What light sequence is on your printer?

Are you able to move the ink cartridges to the replacement position using the buttons? Do NOT move them by hand. If one of the ink cartridges is not sitting firmly in place, it may obstruct the movement of the print head. 
If you can move them to the replacement position using the button, remove the ink, check for obstructions and reseat them. Listen for a click for every cartridge and the lid.
If you can NOT move them using the button,
From whatever position the ink carriage is, Press firmly down on the ink cartridges/cover. You may need to use a ruler or pen to reach them.

Let me know how this goes and I'll see if there is more advice I can give. The light sequence is important info though.


----------



## yakuzax (Sep 30, 2008)

The printer feed button is flashing red quickly. I went into my windows xp and checked the printer status, "general error" cancel all print jobs, remove any foreign objects from the printer, turn off for a few min. and turn back on.

That is what i did and i still get the same error.

I have already uninstall and reinstall all the inks and made sure they "clicked" when i reinstalled them. The printer head will NOT move once it sit in its home position. The only way I can move the head to access the ink was to UNPLUG the printer when I first turn it on while the head is moving side to side.

Is there a manual reset or a program to clear the printers memory?
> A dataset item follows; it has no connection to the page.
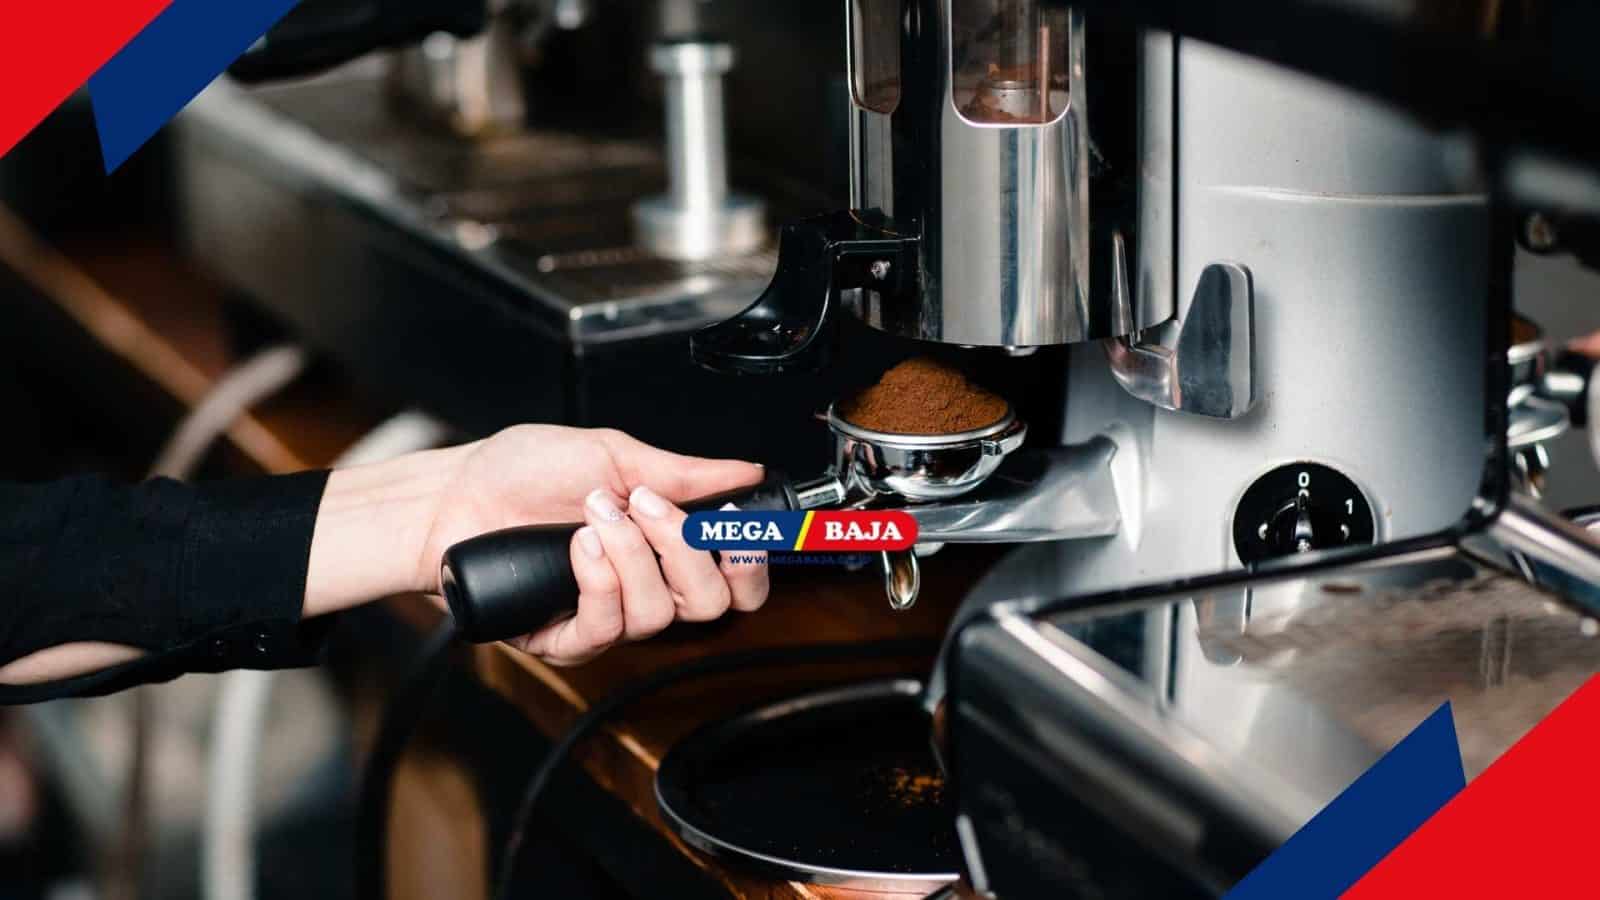 Jenis-jenis Mesin Kopi dan Tips Memilih Coffee Maker Sesuai Kebutuhan

Maybe a print job is stuck in the printers memory and try to print everytime I turn on the printer. 

Thanks for the response *InspiredImp*


----------



## InspiredImp (May 29, 2008)

Hi Yak,
You want to disconnect the printer from your computer and do all the testing with just the printer. Only after the printer is working will the computer be able to work with it.

Turn your printer off. *Shut the front door.* Pull out the output tray extension. Load paper in the top-back of your printer. Turn the printer back on.
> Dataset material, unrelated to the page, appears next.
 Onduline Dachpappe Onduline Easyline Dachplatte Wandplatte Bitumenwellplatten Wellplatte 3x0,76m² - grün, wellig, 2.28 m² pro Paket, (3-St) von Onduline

Wait for it to initialize and tell me which lights you see now. Note: I need to know all 3 lights.

Note 2: If you are hoping to use a different paper path, we will get to this after we confirm that your printer is functional.


----------



## yakuzax (Sep 30, 2008)

i got it to work. the printer was unpluged over night. I made sure the front door was closed. I just plugged it in and turn it on. The flashing red light is gone. Thanks


----------



## InspiredImp (May 29, 2008)

Not a problem. If that is all it took to fix, then it probably means you had the printer set to accept paper through one path - front if the door was open - but had the paper in the opposite path. It is very picky that it can only use one method at a time. Any paper in the wrong spot is a 'foreign object'


----------



## yakuzax (Sep 30, 2008)

ok it happened again... the paper feed button and the ink button flashing red fast in unison. i opened and reclosed the front door of the printer. The problem didn't go away. is it possible if one of the sensors in my printer is dirty? (if so, which one) or could a part in my printer be broken? I have access to a service manual. someone please help me..


----------



## InspiredImp (May 29, 2008)

Does this problem only happen when the computer is connected, or also when the usb is disconnected?


----------



## yakuzax (Sep 30, 2008)

both and the green power light goes off when the red lights are blinking


----------



## InspiredImp (May 29, 2008)

Any chance this is still under warranty?
I'd suggest calling (562)276-7296 or if it's out of warranty, try a service centre. They're listed on the Epson website.
Note: They have an R2400 refurb on the site for $600 so don't pay more than that for service. It includes a 1 year warranty and the option for an extended warranty.


----------



## yakuzax (Sep 30, 2008)

thanks for helping. i figured it out. it was the darn PW sensor.


----------



## InspiredImp (May 29, 2008)

PW? paper weight? as in the platen lever?


----------



## jr11 (Dec 5, 2008)

InspiredImp said:


> Any chance this is still under warranty?
> I'd suggest calling (562)276-7296 or if it's out of warranty, try a service centre. They're listed on the Epson website.
> Note: They have an R2400 refurb on the site for $600 so don't pay more than that for service. It includes a 1 year warranty and the option for an extended warranty.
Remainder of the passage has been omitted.